• **TASK DIRECTIONS**:
The whole listing that follows, pictures excepted, should be printed again exactly as given.

• **GIVEN MATERIAL**:
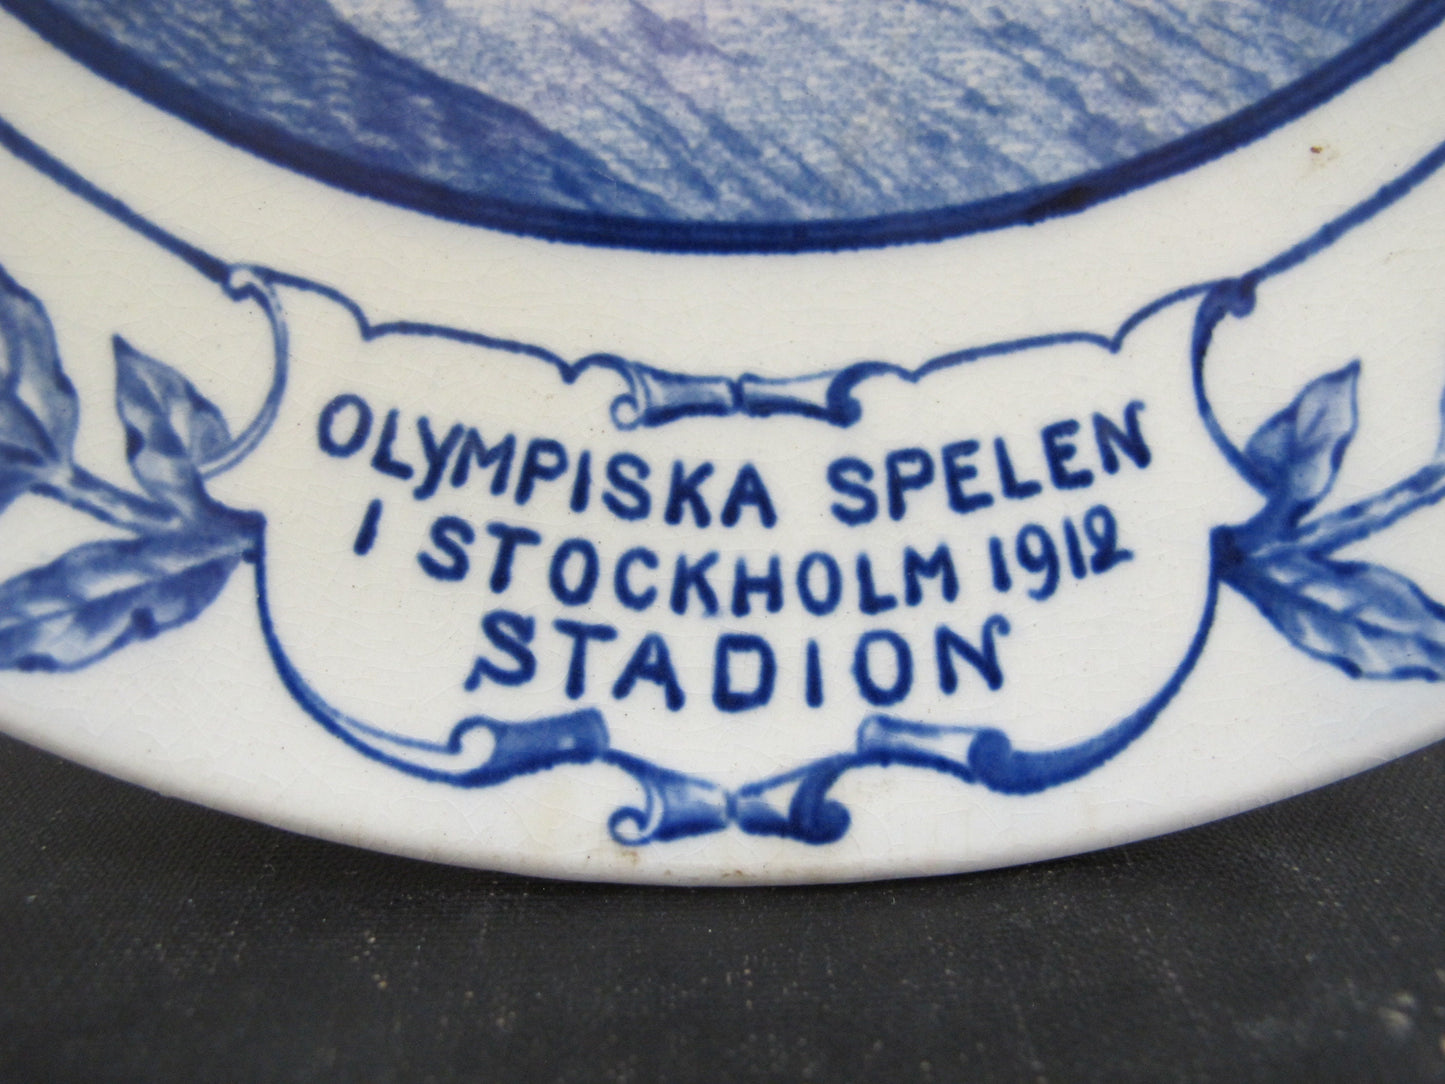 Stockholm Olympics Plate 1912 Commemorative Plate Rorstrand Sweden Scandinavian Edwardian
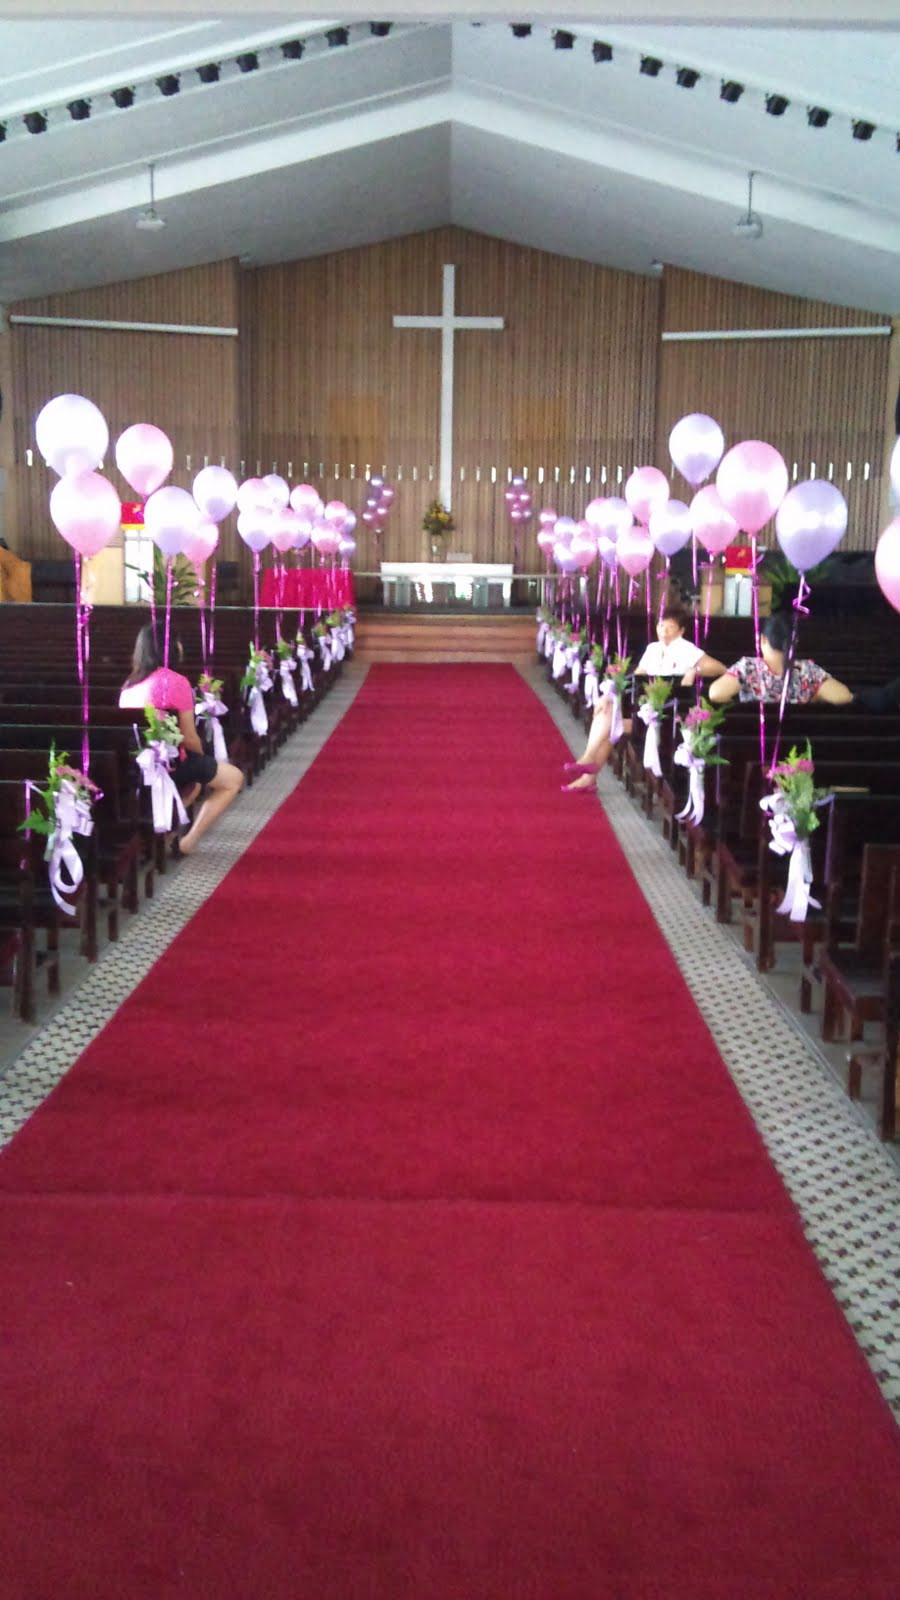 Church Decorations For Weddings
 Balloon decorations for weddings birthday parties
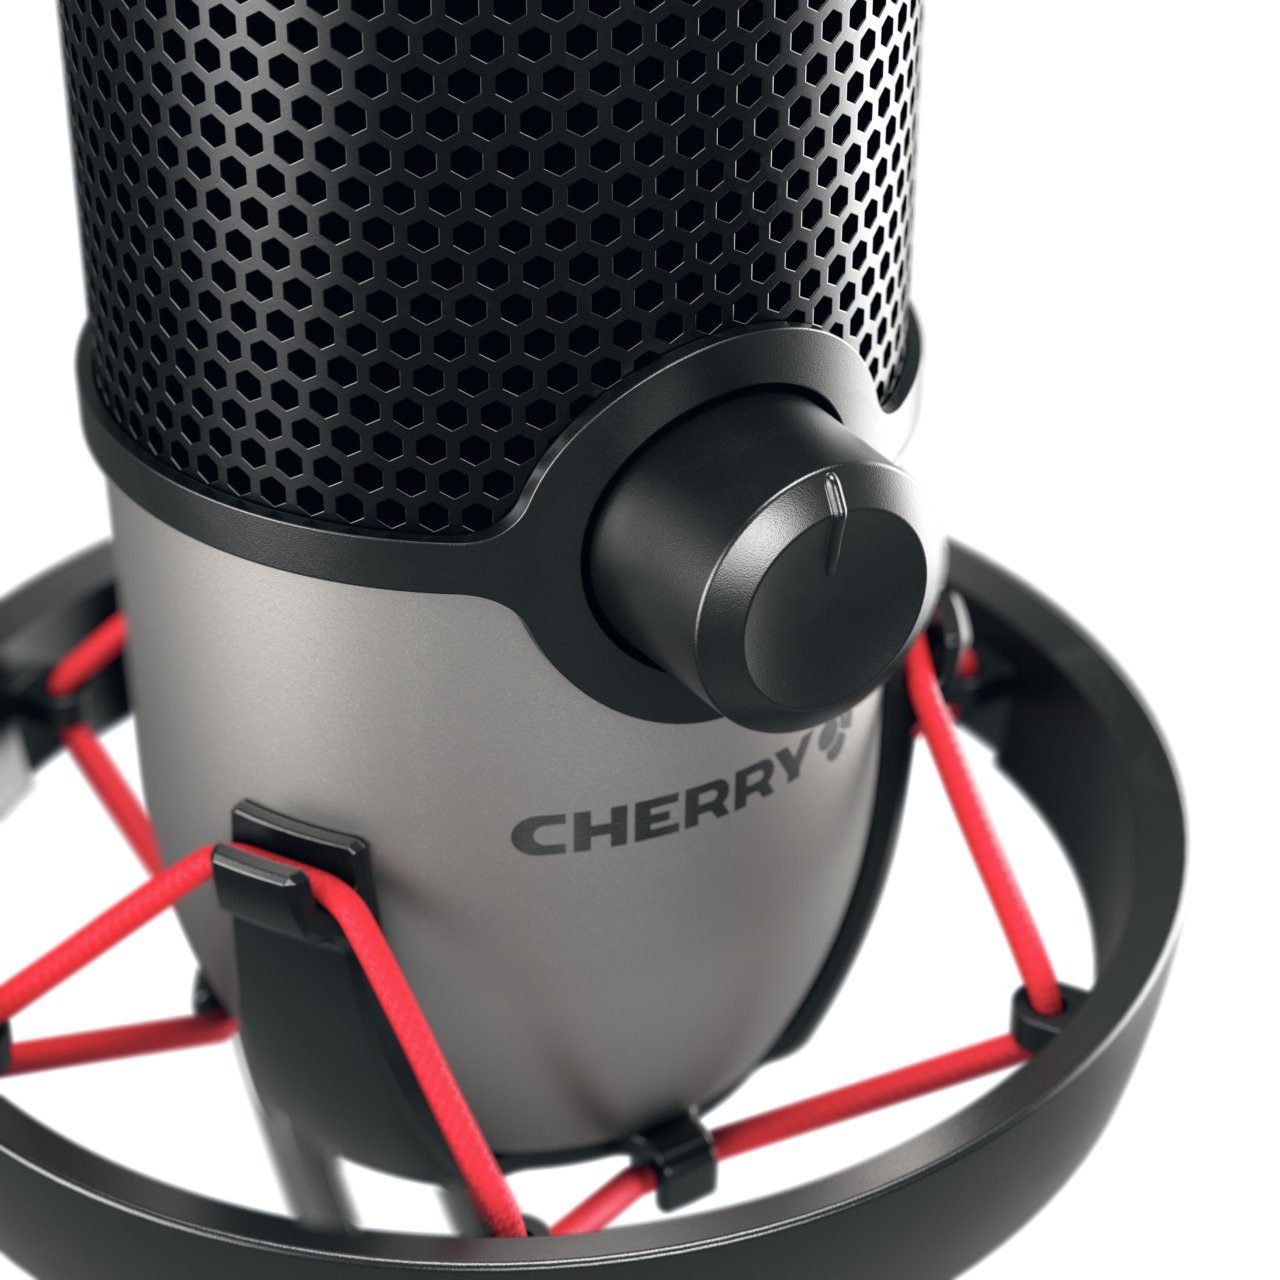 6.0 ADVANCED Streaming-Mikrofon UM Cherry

• **ANSWER TO THIS EXERCISE**:
 Stockholm Olympics Plate 1912 Commemorative Plate Rorstrand Sweden Scandinavian Edwardian
 Church Decorations For Weddings
 Balloon decorations for weddings birthday parties
 6.0 ADVANCED Streaming-Mikrofon UM Cherry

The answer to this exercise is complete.